The parish of Maenan and Llanddoged, Conwy Valley.

When we moved to Wales from deepest, darkest Essex, we took the precaution of renting a house for six months – we knew nothing of the area, and it turned out (in some ways) to be a wise move. North Wales is not one uniform, lovely green place you can randomly land in. Take Blaenau Ffestiniog, for example, the ultimate Slate Town, where the rain never stops falling. Or Trefriw, much of which sees no sun at all during the winter. Those things you learn from experience.

The place we rented was no run-of-the-mill house, however. It was an old school – Yr Hen Ysgol in Welsh, in the rambling parish of Maenan, which meanders along one side of the Conwy Valley, between Eglwysbach and Llanddoged. It’s not so much a village as small collections of houses, dotted here and there on steep and meandering country tracks. The school was a massive, grey granite building, sitting on a slight rise with a forest crowding behind it. The only other house nearby was a tiny cottage right next door, which had once been the schoolmaster’s house and was now home to a lovely young family. There was nothing else for the best part of a mile around.

The short road to the school was insanely steep and tortuous – when we went to see the place for the first time I just stared at it, started giggling wildly and hid under the seat. Fortunately hubby was driving, but I suspect I’d have done the same had I been behind the wheel. I never did drive in or out, once, in the time we stayed there. Frankly, it is a road for mountain goats, not people.

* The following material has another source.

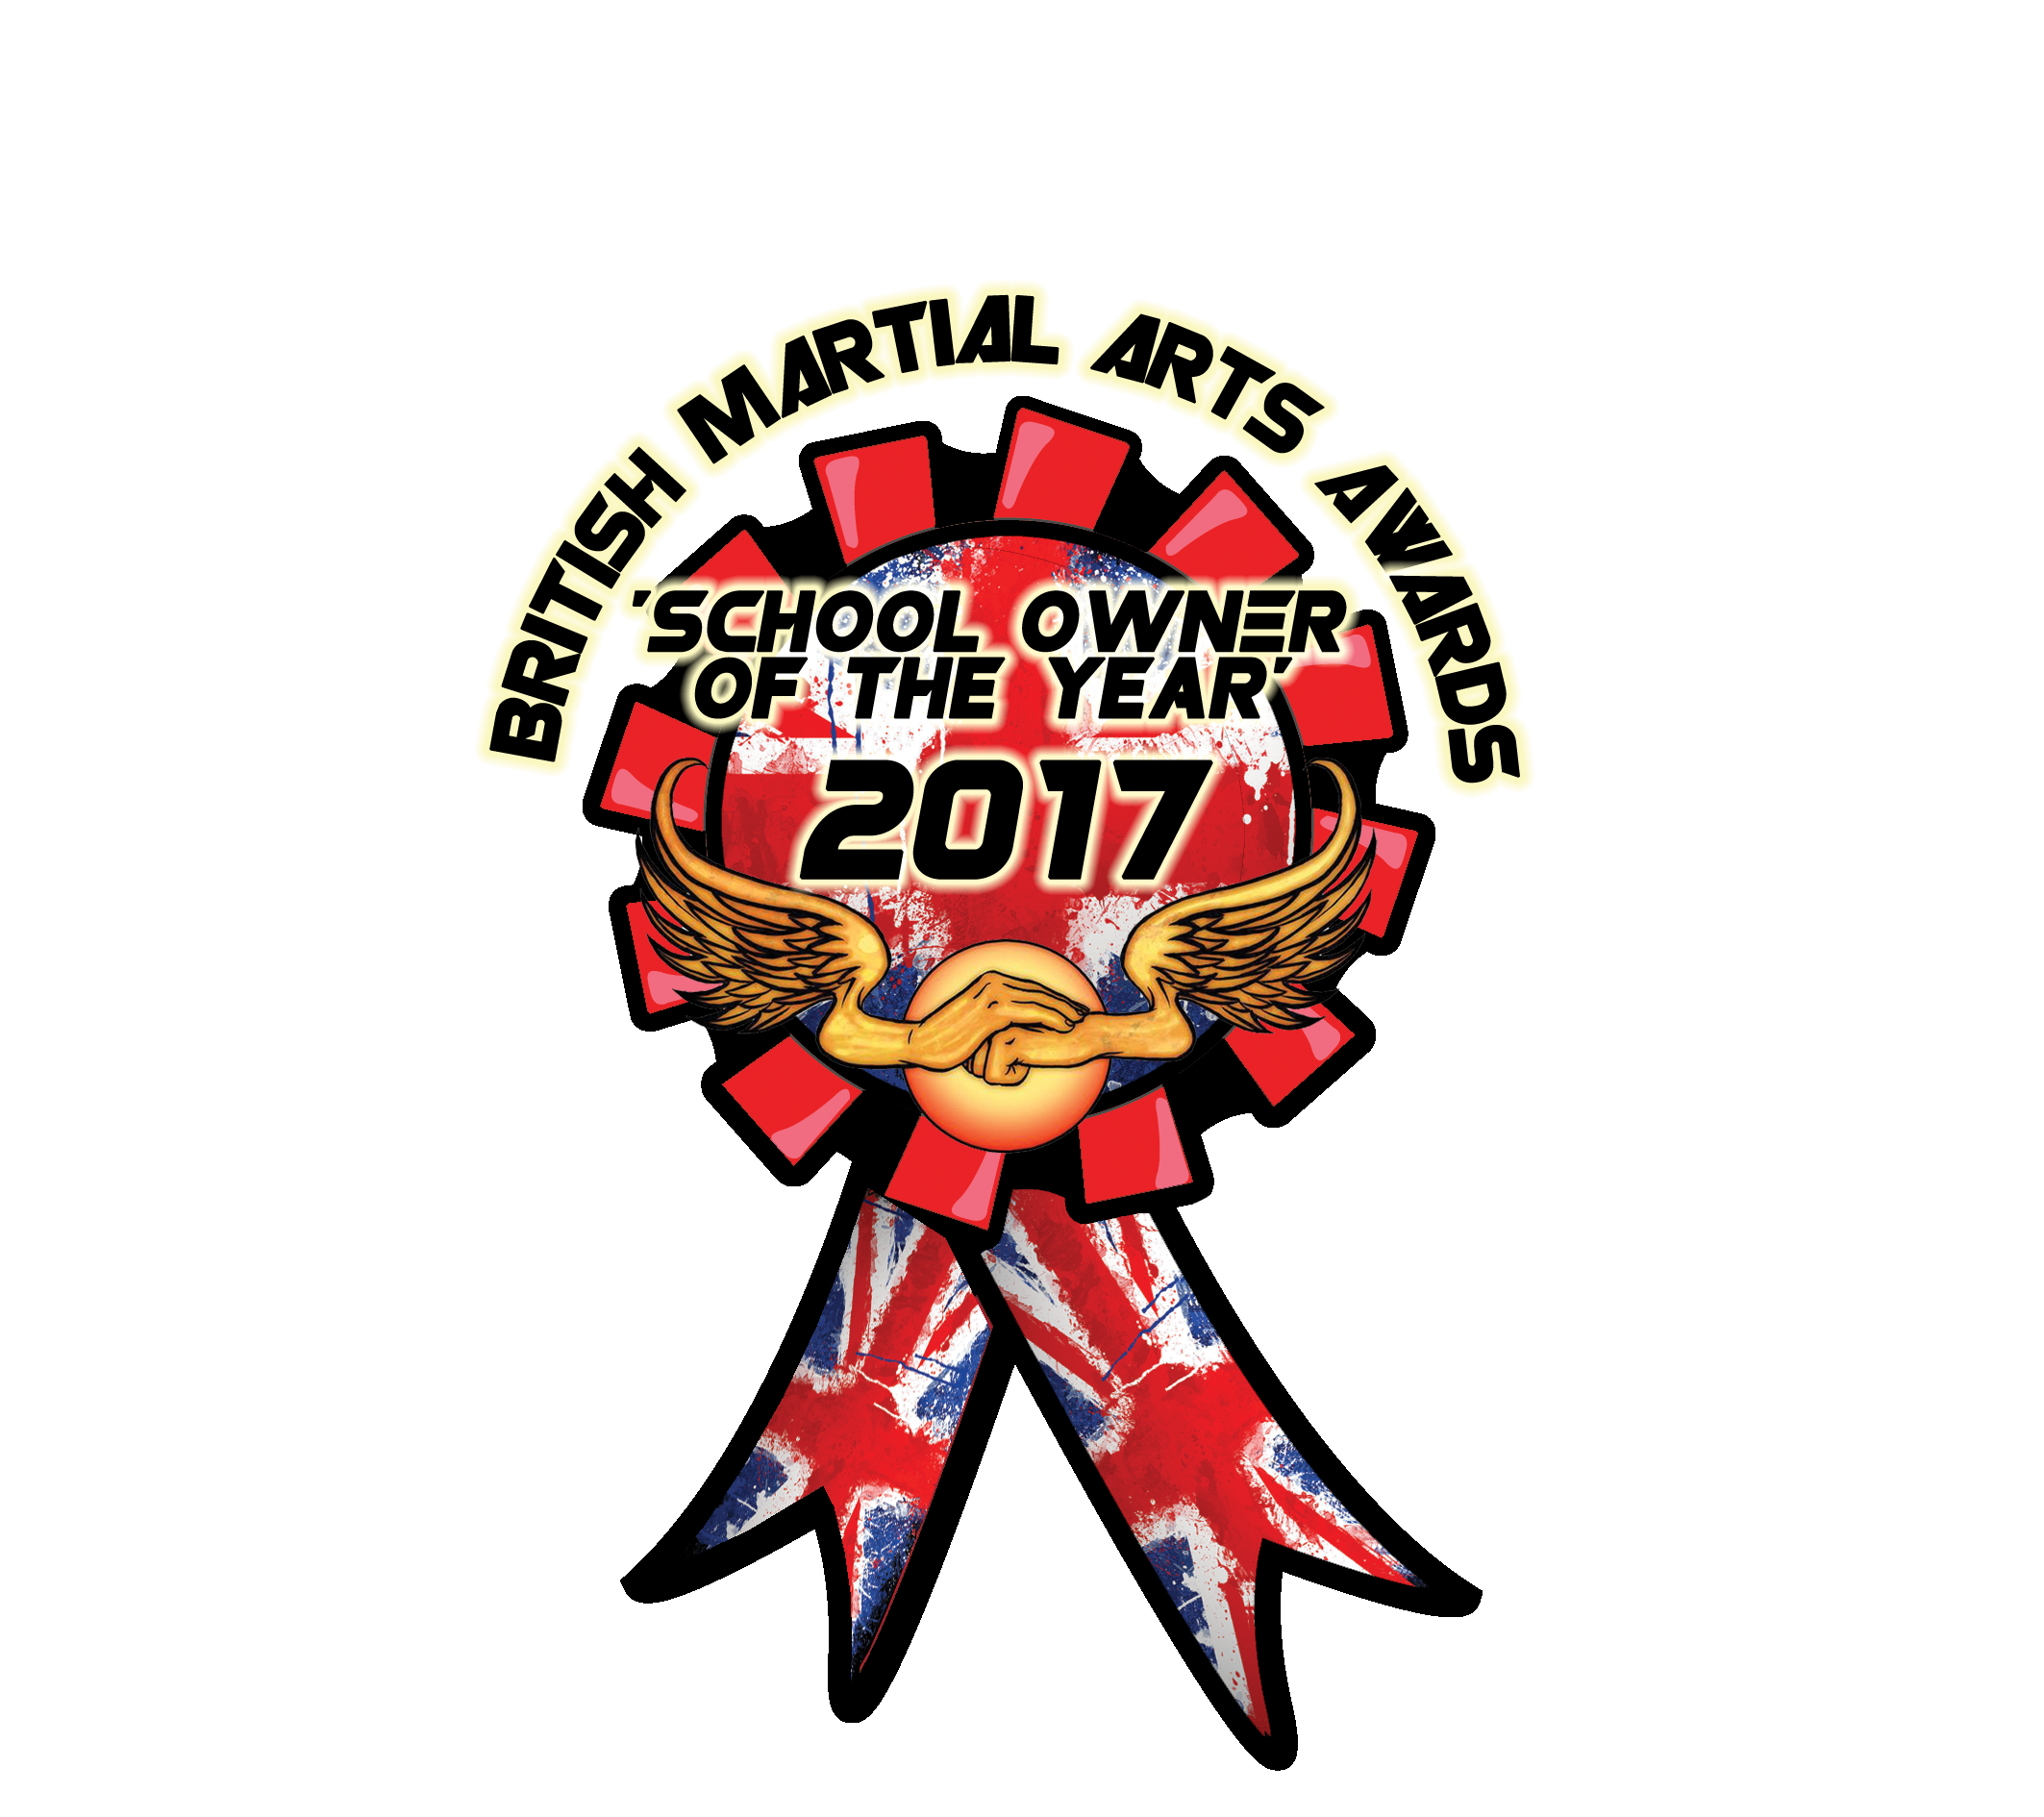 School Owner of the Year 2017

First impressions were wonderful – the school had stopped being a school some years before, and had been bought by our landlady, a pleasant woman who lived behind the property in what had been the school kitchens. So the isolation was not total, but the feeling of remoteness, the proximity of the forest and the stern beauty of the school itself made us agree to rent in a heartbeat.

I still remember it fondly, although there was the odd shadow. One related to a particular room in the school’s rambling interior, which had been almost entirely, and idiosyncratically, redesigned.

The school had four bedrooms divided into two completely separate pairs, one at each end of the building, which were accessed through their own set of stairs. In between was the massive full-height lounge and kitchen area, large enough for a small football match, had we cared to start one.

The master bedroom was at the far end of the school, up a modern, curved staircase. The bedroom next to it we managed to fill entirely with boxes – those possessions that we’d wrapped, and stowed, till we reached our final destination.

The other pair of bedrooms were accessed through an old, original staircase at the back of what would once have been the cloakroom but now served as a hallway. One of those was also stuffed full of boxes and the other was the spare room, in case anyone visited. It was sparsely furnished with a bed, dressing table and cupboards and a couple of anonymous pictures.

I thought very little about it, as I was constantly busy trying to arrange viewings of houses, trekking up the steep forest path on dog walks and somehow fitting in my writing. Then one night, feeling unwell, I decided my restless sleeping was disturbing my other half and the dogs, so I quietly tiptoed through the cavernous, darkened lounge, up the far set of stairs and into the spare bedroom, thinking to spend the night there.

This proved to be easier said than done. Sleep did not come easily, partly because I was feeling bad but also because of a strange sense of being watched. This grew stronger and stronger, as time passed, but in the end I dropped off – only to wake with a huge start, heart pounding, with a vivid feeling of dread, and threat.

Needless to say, I scuttled back to the other room quickly, and it was several days before I entered the other bedroom again. From that time on, every time I entered that room I had the distinct sense of another presence, and a faint whisper of the fear that had come to me that night. It was nothing tangible, but nevertheless, I did not go there often.

I am curious, though. At a safe distance in time and place, I wonder why this should have been so? What was it that made that particular room seem so threatening? Is it something in the school’s history, perhaps, that I know nothing of? I heard vague tales of a strict headmistress. Perhaps this was the room where naughty pupils were brought for punishment? I would love to know.

Perhaps it is something more esoteric, such as infrasound, which has been found to be at the root of a number of reports of ghostly happenings and sudden changes of mood. I would welcome ideas.